**TASK GOAL**
Every line of the data below should be repeated exactly, and no picture should be copied.

**INPUT DATA**

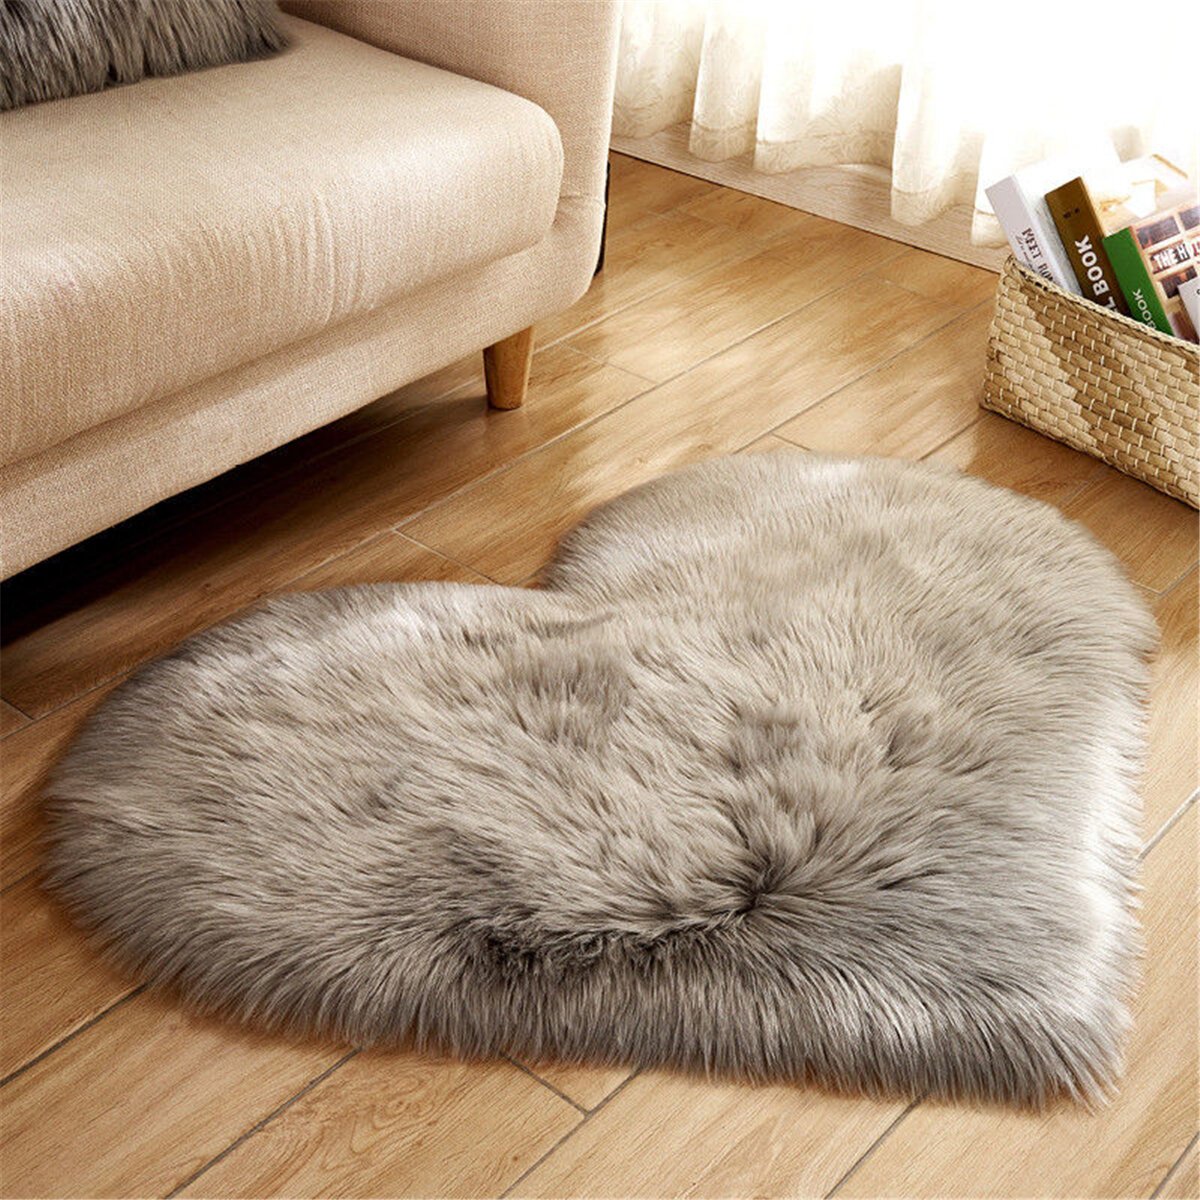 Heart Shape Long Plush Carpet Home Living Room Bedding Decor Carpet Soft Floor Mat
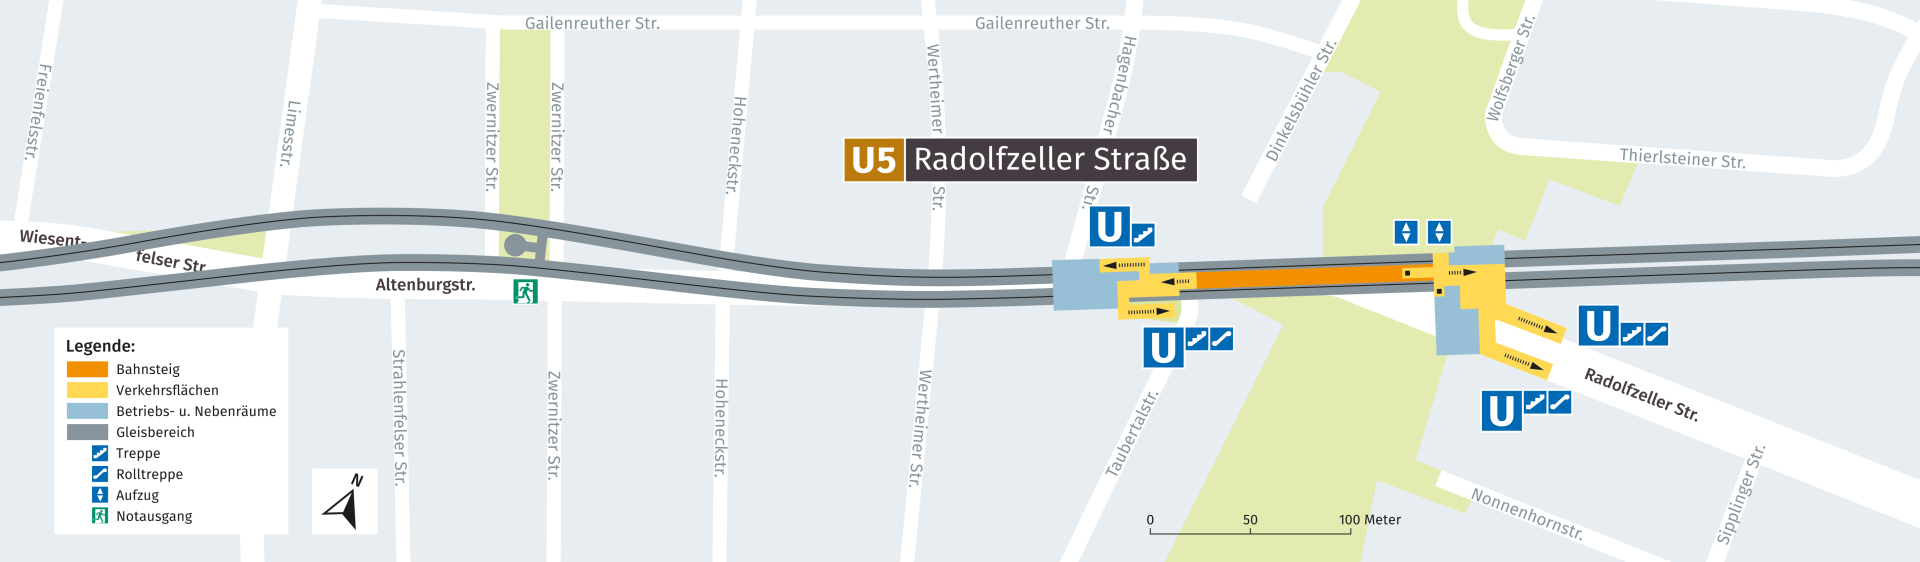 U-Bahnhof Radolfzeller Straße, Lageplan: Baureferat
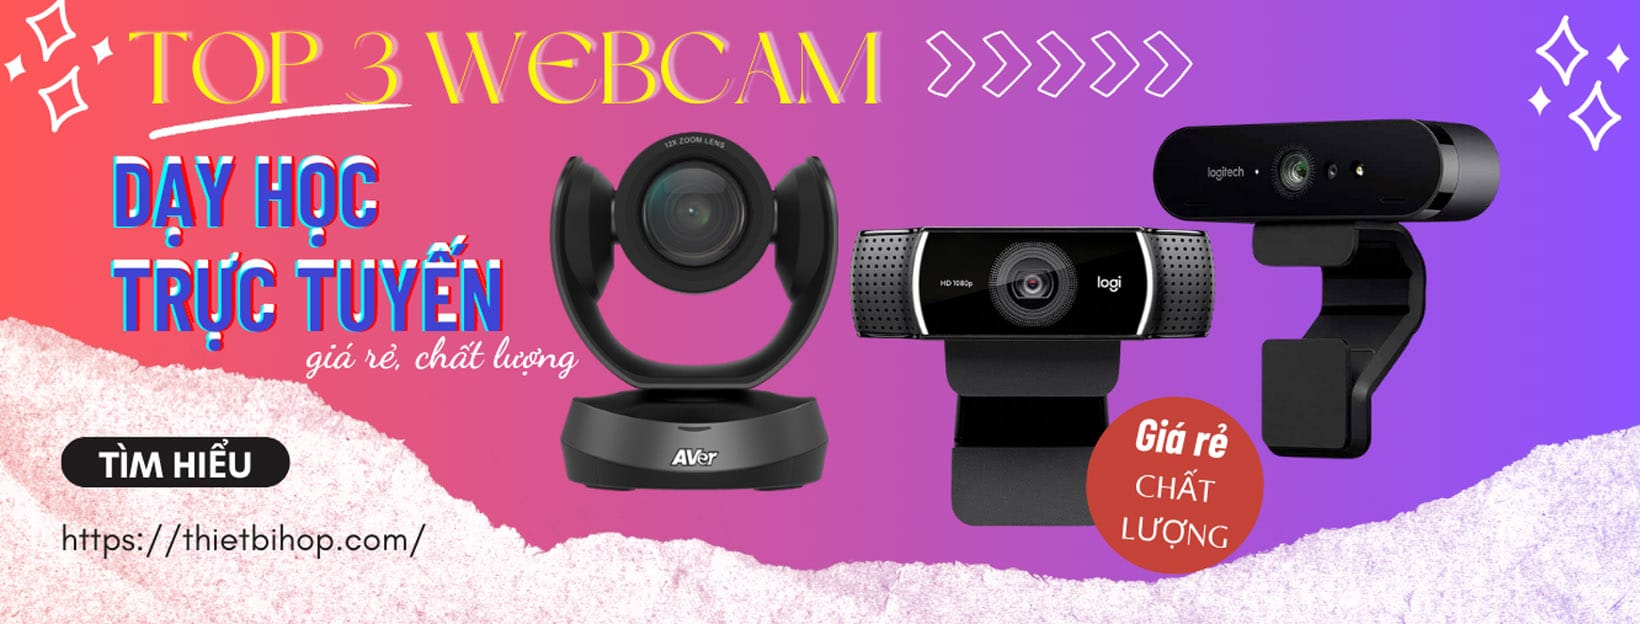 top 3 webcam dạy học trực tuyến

**TASK SOLUTION**
 Heart Shape Long Plush Carpet Home Living Room Bedding Decor Carpet Soft Floor Mat
 U-Bahnhof Radolfzeller Straße, Lageplan: Baureferat
 top 3 webcam dạy học trực tuyến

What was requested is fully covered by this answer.